SRF News: Die islamistischen Separatisten sind in der philippinischen Region Mindanao kein neues Problem. Warum verhängt Präsident Rodrigo Duterte ausgerechnet jetzt das Kriegsrecht?
Manfred Rist: Es hat am Dienstag einen Anschlag in der Stadt Marawi gegeben. Sie liegt in der Region Mindanao im Süden der Philippinen. Abu Sayyaf hat sich zu dem Anschlag bekannt. Es ist neu, dass die Terrororganisation den Konflikt in urbane Zentren hineinträgt. Zudem hat sie sich offen zum sogenannten Islamischen Staat (IS) bekannt. Das ist eine Herausforderung für Duterte.
Wie kommt die Ankündigung Dutertes bei der Bevölkerung an?
Duterte spielt mit dem Feuer. Auf den Philippinen ist der Begriff «Kriegsrecht» negativ besetzt. Er weckt schlechte Erinnerungen an die Diktatur von Ferdinand Marcos. Aber die Bevölkerung steht mehrheitlich immer noch hinter Duterte. Die Verhängung des Kriegsrechts wird die philippinische Bevölkerung aber zweifellos spalten. Es gibt Anhänger Dutertes, die bedingungslos hinter ihm stehen. Es gibt aber auch immer mehr Kritiker, wie Menschenrechtsorganisationen und die Kirche.
Duterte will Stärke und Handlungswille markieren.
Kriegsrecht weckt böse Erinnerungen
Was bezweckt Duterte mit dem Kriegsrecht?

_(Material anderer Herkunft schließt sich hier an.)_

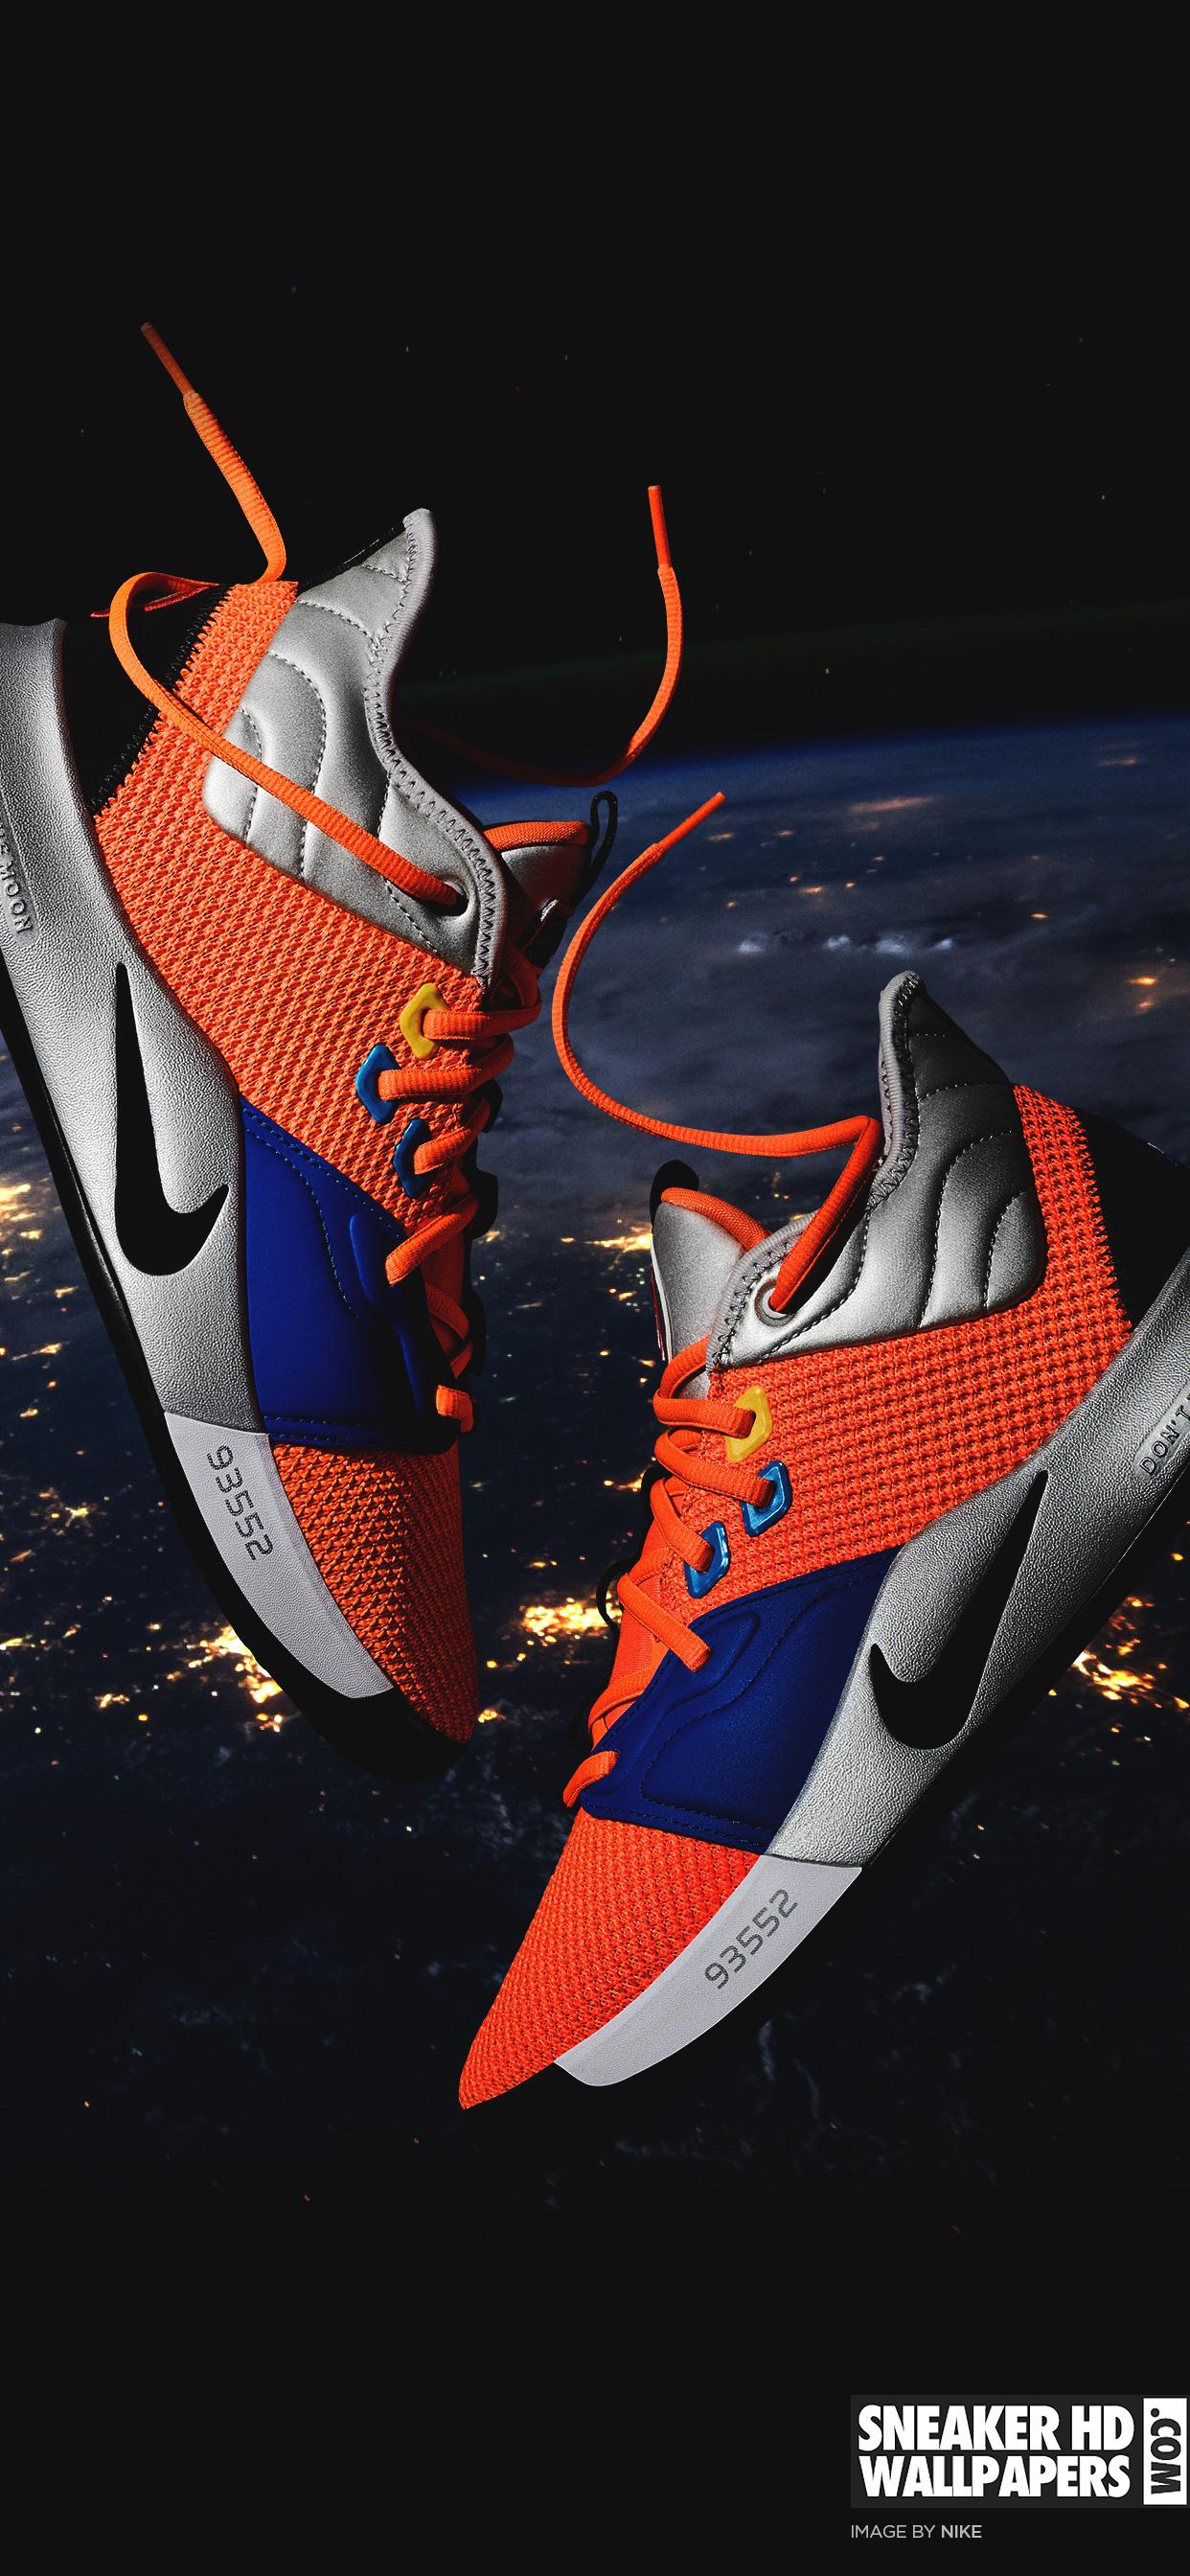 sneakerhdwallpapers com  u2013 your favorite sneakers in hd and

Er will Stärke und Handlungswille markieren. Nach dem Selbstmordanschlag in Manchester ist der Zeitpunkt dazu ist günstig, denn die Weltbevölkerung ist sensibilisiert. Der IS ist ein Problem. Terroranschläge und Entführungen auf den Philippinen sind ein Problem. Man kann Duterte im Moment also nicht vorwerfen, dass er tatenlos zuschaut.
Dass er das Problem mit dem Kriegsrecht in den Griff bekommen kann, glaube ich persönlich nicht.

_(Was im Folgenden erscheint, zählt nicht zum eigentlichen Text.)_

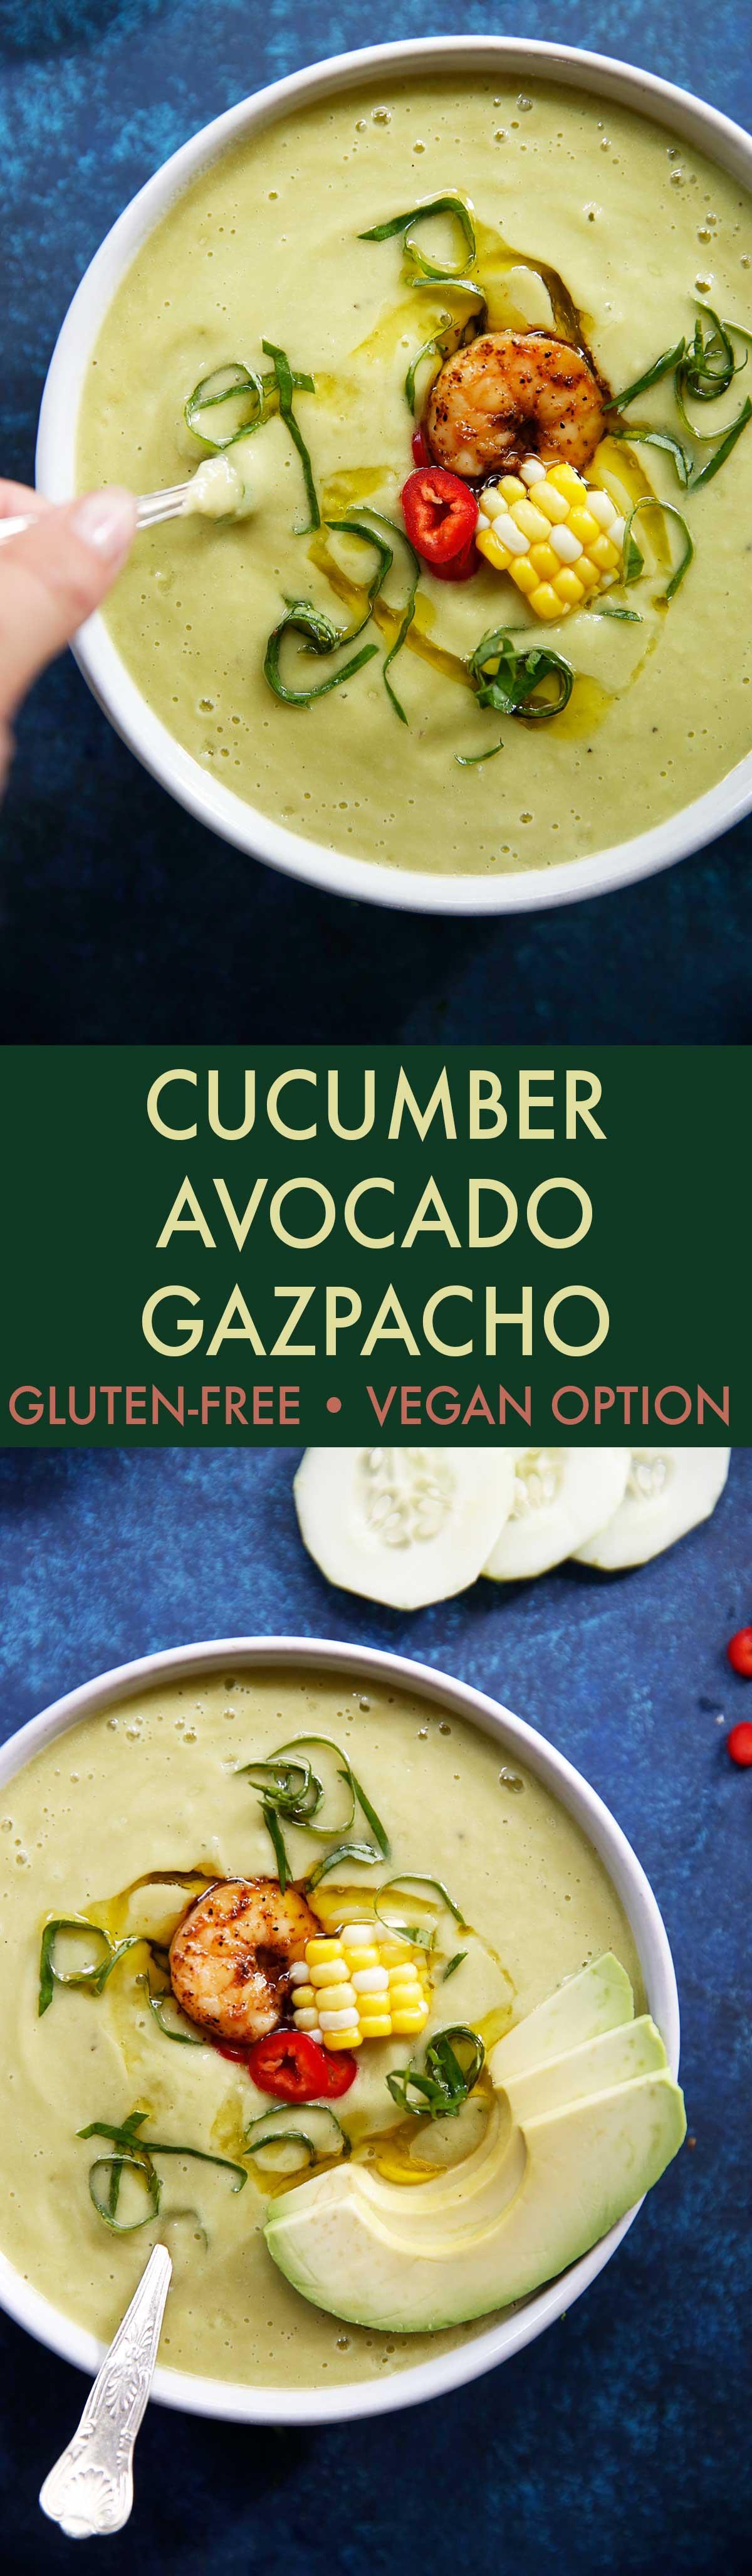 Avocado Gazpacho with Cajun Chili Shrimp   Lexi's Clean Kitchen

Das Kriegsrecht soll ihm erlauben, die Islamisten zu bezwingen. Kann das klappen?
Das Problem im Süden hat noch kein philippinischer Präsident in den Griff bekommen, auch Ferdinand Marcos nicht. Die islamistischen Separatisten treiben dort seit Jahrzehnten ihr Unwesen. Dass er das Problem mit der Verhängung des Kriegsrechts in den Griff bekommen kann, glaube ich persönlich nicht.
Das Gespräch führte Hans Ineichen.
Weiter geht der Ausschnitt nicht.